BEIJING — A record share of U.S. companies in China are accelerating their plans to relocate production or procurement, according to a business survey released Thursday.

According to the American Chamber of Commerce in China’s annual surveys, about 30% of respondents are considering or have started such diversification in 2024, surpassing the previous high of 24% in 2022.

It also surpassed the 23% share recorded in 2017 when he was US president Donald Trump began his first term and began raising tariffs on Chinese goods.

In addition to the tension between the US and China, “one of the main effects we’ve seen in the last five years has been Covid and how China has closed itself off from the world because of Covid,” Michael Hart, president of Beijing-based AmCham China . , told reporters on Thursday.

“It’s been one of the biggest drivers of people realizing they need to diversify their supply chains,” he said. “I don’t see that trend slowing down.”

China has restricted international travel and closed parts of the country during the Covid-19 pandemic in an attempt to limit the spread of the disease.

The yuan is generally

While India and Southeast Asian countries remained the most popular location to relocate manufacturing, the survey found that 18% of respondents were considering moving to the US in 2024, up from 16% last year.

Most American companies had no plans to diversify. The survey found that just over two-thirds, or 67%, of respondents said they would not consider moving production, down 10 percentage points from 2023.

AmCham China’s latest survey covered 368 members from October 21 to November 15. Trump was re-elected president of the United States on November 5.

Trump confirmed this week plans to raise tariffs on Chinese goods by 10%and said that duties can enter as soon as February 1. This follows the increasingly tough US stance on China.
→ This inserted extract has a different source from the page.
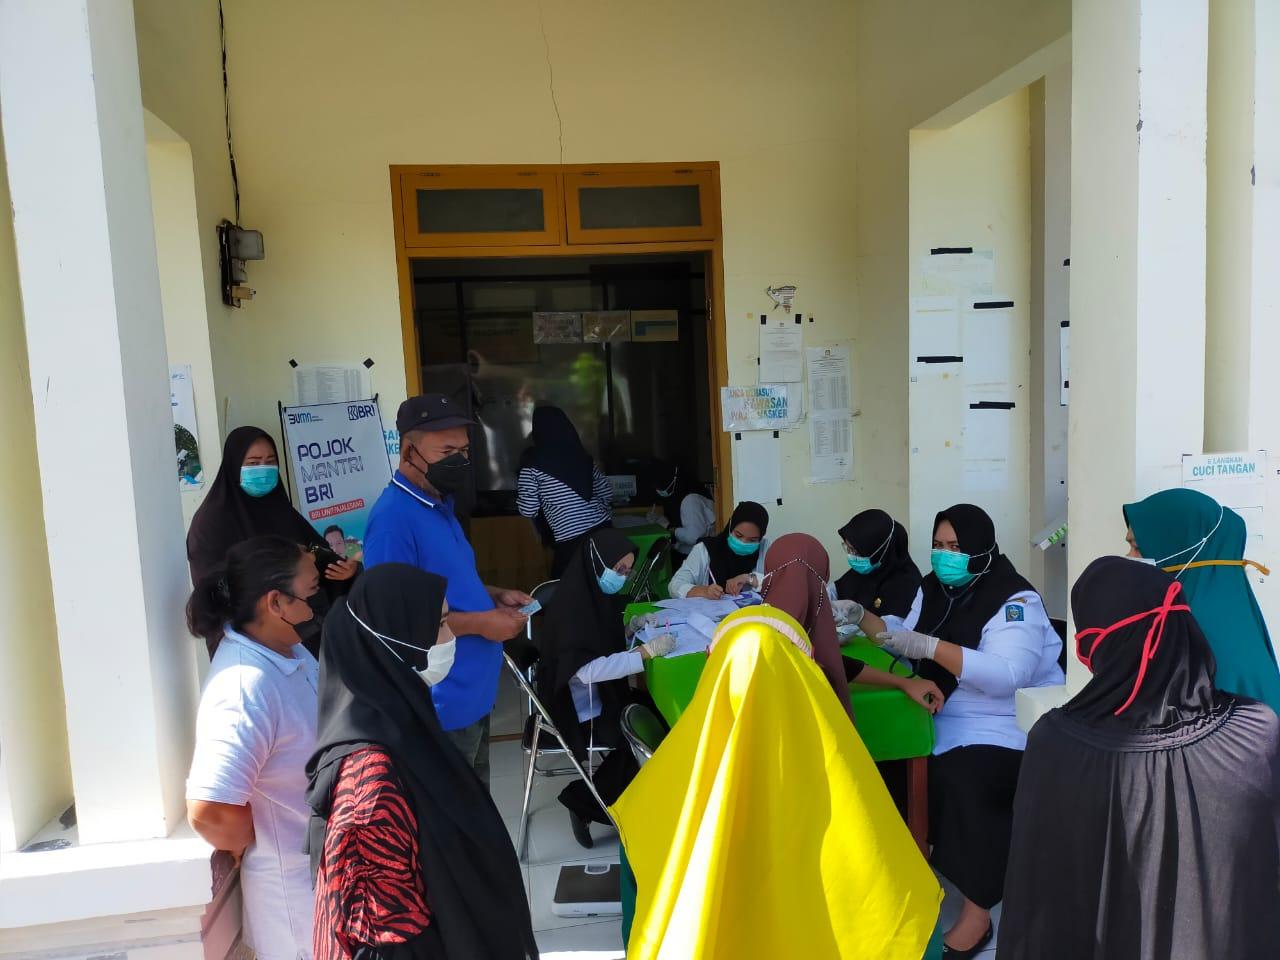 Kantor Kelurahan Macanre Kecamatan Lilirilau Melaksanakan Vaksin Covid -19 Gelombang Ke Dua

The Biden administration has emphasized that the United States is competing with China and has imposed severe restrictions on the ability of Chinese companies to access high-end American technology.

More than 60% of respondents said that tensions between the US and China were the biggest challenge for doing business in China in the coming year. According to the survey, competition from local state-owned and private Chinese companies was the second most important problem for American companies operating in China.
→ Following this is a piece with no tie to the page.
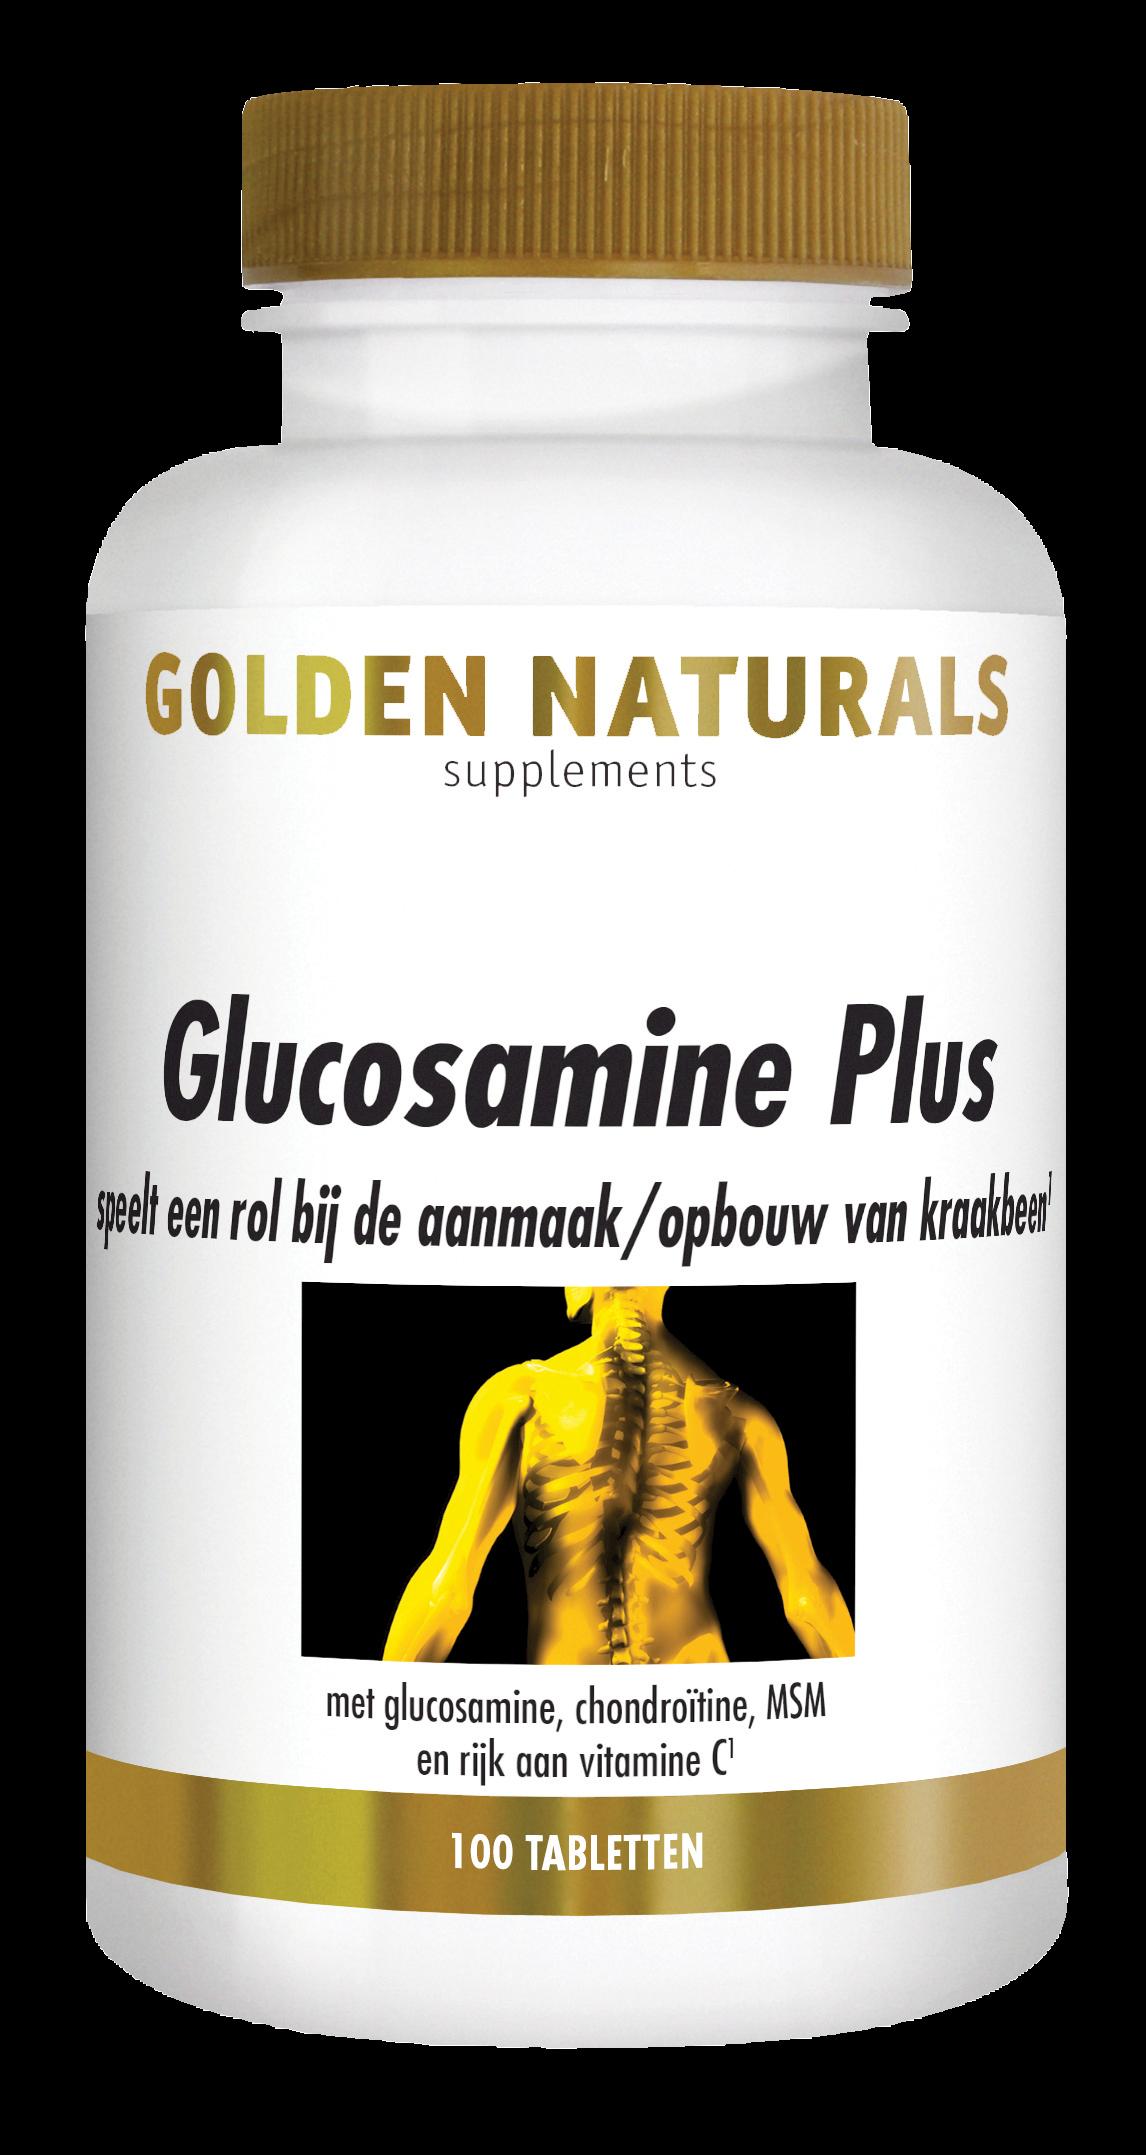 Golden Naturals Glucosamine Plus (100 tabletten)

A slowdown in economic growth

In addition to geopolitical pressures, growth in the world’s second-largest economy has slowed as consumer spending has cooled since the pandemic. Chinese authorities at the end of September began to increase efforts to stimulate growth and stop the fall of real estate.

For the third consecutive year, more than half of AmCham China respondents said they were not making a profit in the country, adding that the region has become less competitive in terms of margins compared to other global markets.

The share of companies no longer listing China as a preferred destination for investment rose to 21%, doubling from pre-pandemic levels, the survey said.

Looking ahead, however, technology, industrial and consumer goods companies said they see domestic consumption growth as a top business opportunity in 2025, the survey found. The service companies said their best opportunity is Chinese companies looking to expand overseas.

Hart noted that many members remain optimistic about Chinese consumers as a “significant, important market.”